Given its broad phylogenetic perspective across species with widely different features,
the MH hypothesis is admittedly difficult to test with comparative data. However,
the general theory is based on fundamental principles of population genetics that
transcend species boundaries and are readily evaluated with modern-day organisms.
For example, the deleterious nature of introns has recently been demonstrated in at
least two ways (e.g., [33], [34]), and suggestions have been made as to how models
on duplicate-gene evolution might be tested with information on within-species polymorphisms
[35]. Nonetheless, legitimate questions about the breadth of applicability of the
theory remain to be answered [36], [37]. The hypothesis cannot explain the precise
gene content of species, which must be molded to a large extent by the environment.
Nor can it explain all aspects of “noncoding DNA,” as some of this territory has positive
functions.
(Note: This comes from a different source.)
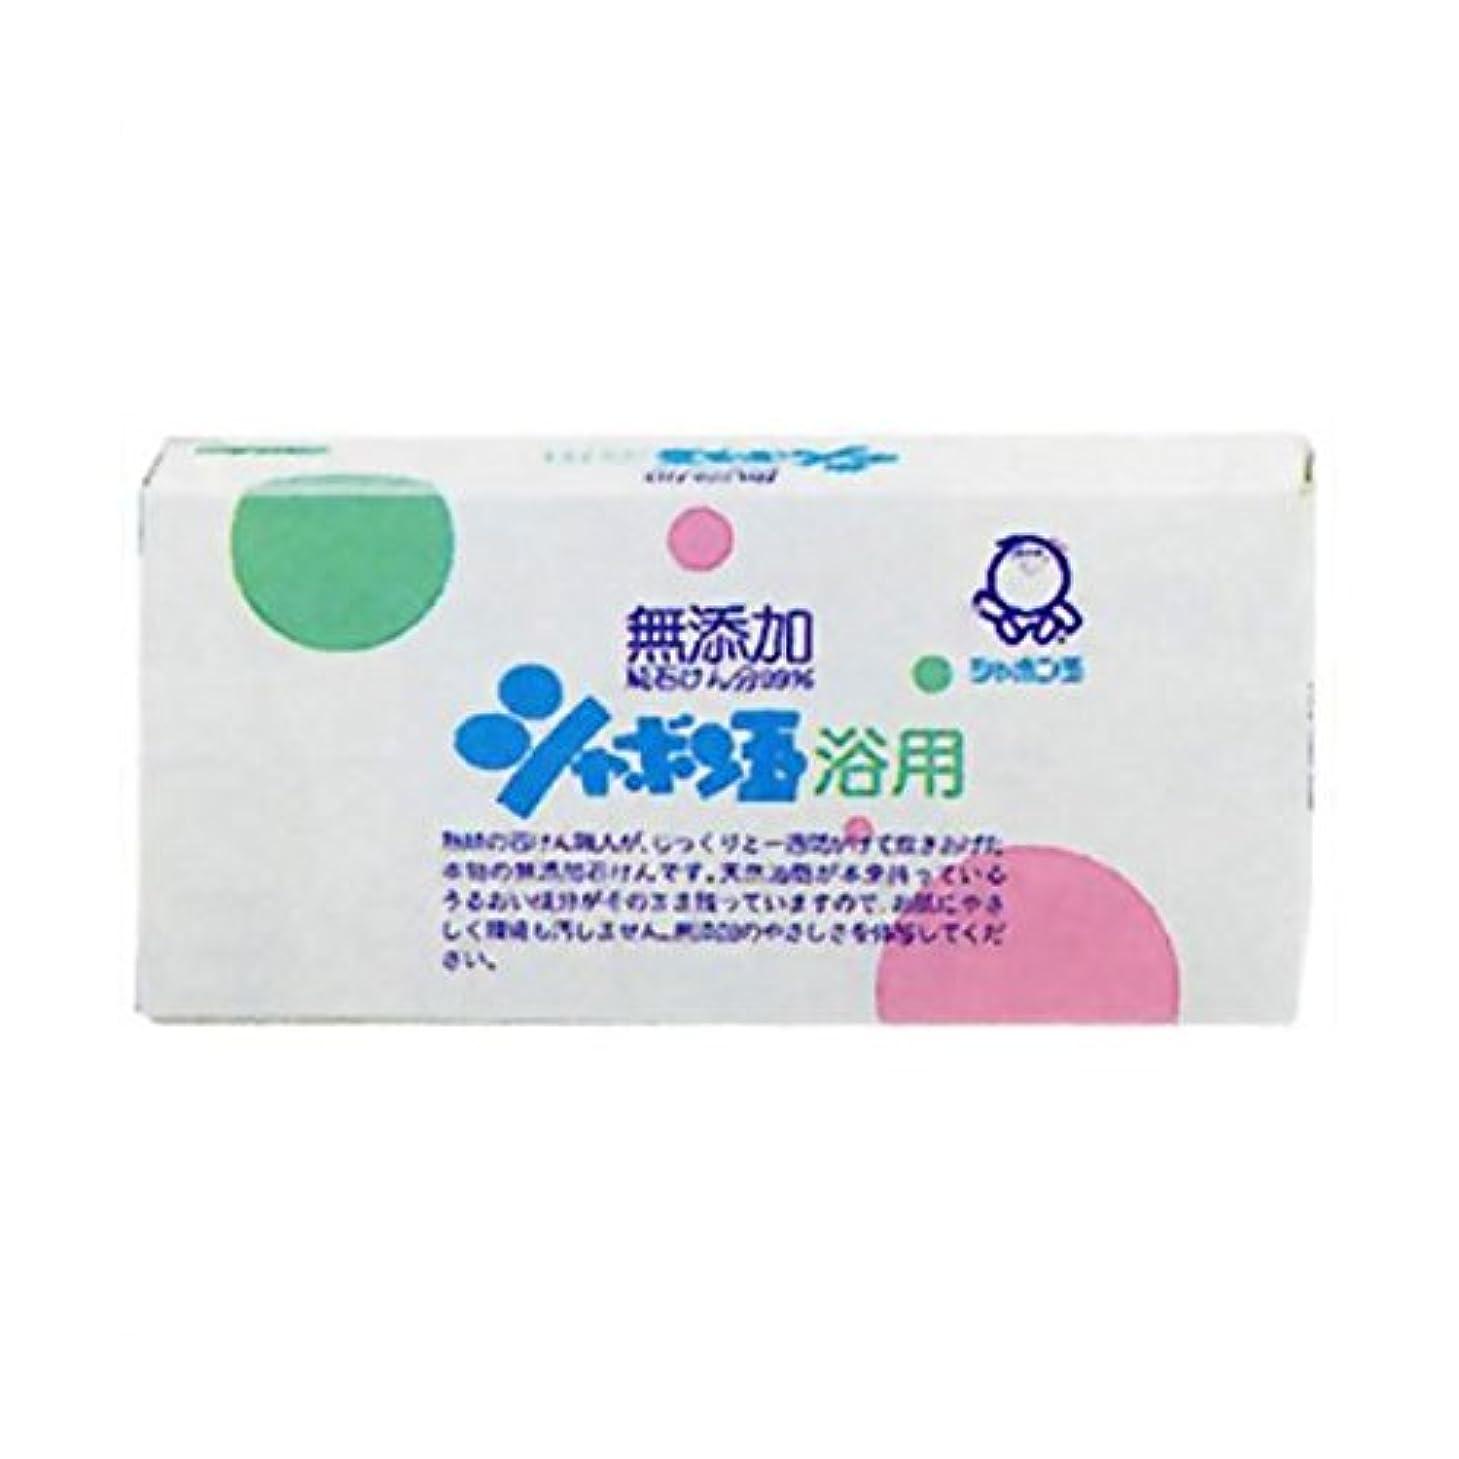 一致塗抹後方に【お徳用 15 セット】 シャボン玉 浴用 石けん 100g×3個入(無添加石鹸)×15セット

Additional complications arise from the fact that some modern-day genomes
have structures that are out of equilibrium with current effective population sizes
(e.g., [29]), a factor that may explain the apparently complex genome of the ancestral
eukaryote and the continuing loss of such complexity in many of today's unicellular
lineages [7], [38], [39].
Future observations on key phylogenetic lineages varying in significant ways with
respect to long-term intensities of mutation, drift, and recombination will provide
the observations on which the MH hypothesis will stand or fall. Improvements are already
possible, now that mutation rates can be directly measured in a wide variety of genomes
with high-throughput sequencing [15]. Unfortunately, the procurement of direct estimates
of N
e remains dauntingly difficult [40], and until this problem is solved, it will remain
difficult to obtain unbiased estimates of the key parameter N
e
u. However, there is no justification for rejecting a theory based on its accessibility
to formal hypothesis testing. It can be tempting to invoke observations on single
genomes as being in support or conflict with the MH hypothesis [41]–[44], but due
to the stochastic nature of evolutionary processes, the full domain of applicability
of the model will only be known after the accumulation of many such observations.
Well-reasoned applications of statistics will surely play a role, but the real advances
will come from an enhanced understanding of genome biology.